= Letter of reprimand =

U.S. military procedure

A letter of reprimand is a US Department of Defense procedure involving a letter to an employee or service member from their superior that details the wrongful actions of the person and the punishment that can be expected. A Formal Letter of Reprimand
is one in which a copy of the letter is kept in the personal service record of the individual.

In military contexts, a formal letter of reprimand can be career-ending, even without prescribed punishments, because it makes it difficult to secure advancements in rank or to enjoy the respect of one's peers.

In legal contexts, a letter of reprimand is sometimes called a letter of admonition. It is the lowest form of attorney discipline under the Code of Professional Responsibility.

The United States Manual for Court Martial, R.C.M. 306(c)(2), states:

Administrative action. A commander may take or initiate administrative action, in addition to or instead of other action [e.g., non-judicial punishment (Article 15 or "NJP") and court-martial] taken under this rule, subject to regulations of the Secretary concerned. Administrative actions include corrective measures such as counseling, admonition, reprimand, exhortation, disapproval, criticism, censure, reproach, rebuke, extra military instruction, or the administrative withholding of privileges, or any combination of the above.

The order of severity for formal written administrative action is:
- a letter of counsel (least severe)
- a memorandum of concern
- a letter of admonishment
- a letter of reprimand.

A letter of reprimand may be issued in lieu of punishment under Article 15 of the Uniform Code of Military Justice. A formal letter of reprimand is placed in the service member's permanent personnel record. In the US Navy, a letter of reprimand can only be given as a result of non-judicial punishment or a court-martial conviction.

==Examples==

In July 1945, after delivering the Little Boy atomic bomb to Tinian, the USS Indianapolis was torpedoed in the Philippine Sea. When the ship was sunk, most of the crew were stranded at sea for 5 days where they staved off shark attacks and dehydration. In the aftermath of the disaster, some US naval officers in Leyte, Philippines, were given letters of reprimand, because they failed to note that the ship was missing. The Indianapolis commander, Charles B. McVay III, was also given a letter of reprimand before being court-martialed and eventually exonerated, but not before he committed suicide.

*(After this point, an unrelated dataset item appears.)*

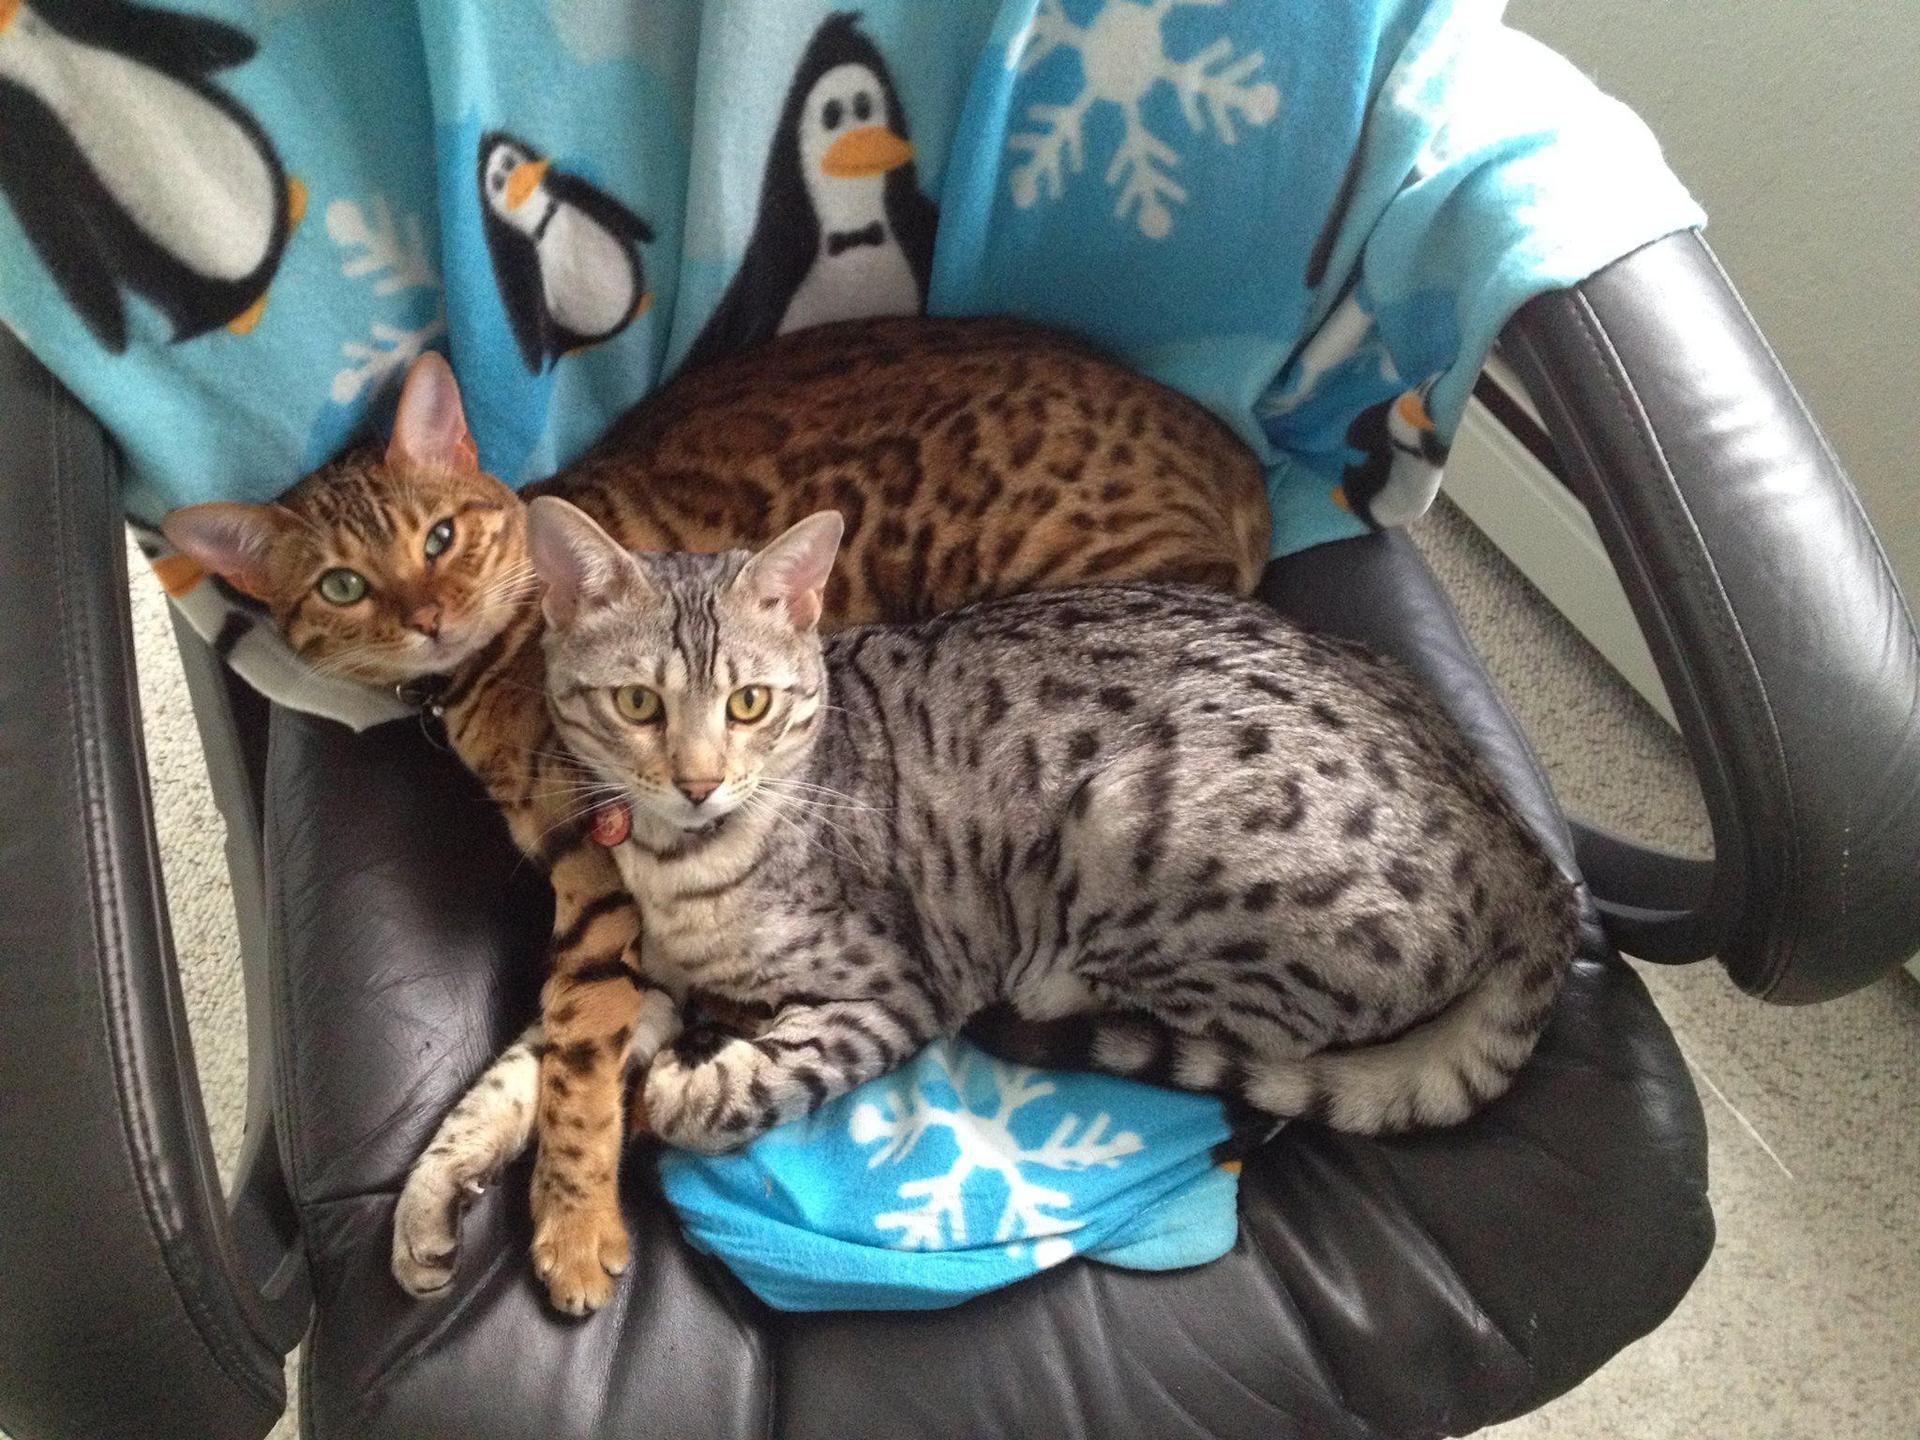 My 2 bengal kitties Kaylee (brown) and Hoban (silver).

Air National Guard Major Harry Schmidt was reprimanded for the Tarnak Farm incident, in which on April 17, 2002, he dropped a 500-pound bomb on Canadian soldiers near Kandahar, Afghanistan, killing four and injuring eight others.

On September 25, 2008, the Department of Defense announced that six US Air Force and two US Army generals and nine colonels had received letters of reprimand, admonishment, or concern because of the mishandling of fuses for nuclear weapons, which were mistakenly shipped to Taiwan. Air Force Chief of Staff Norton Schwartz met with each officer personally before issuing the letters. He noted they committed no offense under the UCMJ but "did not do enough to carry out their leadership responsibilities for nuclear oversight. For that they must be held accountable."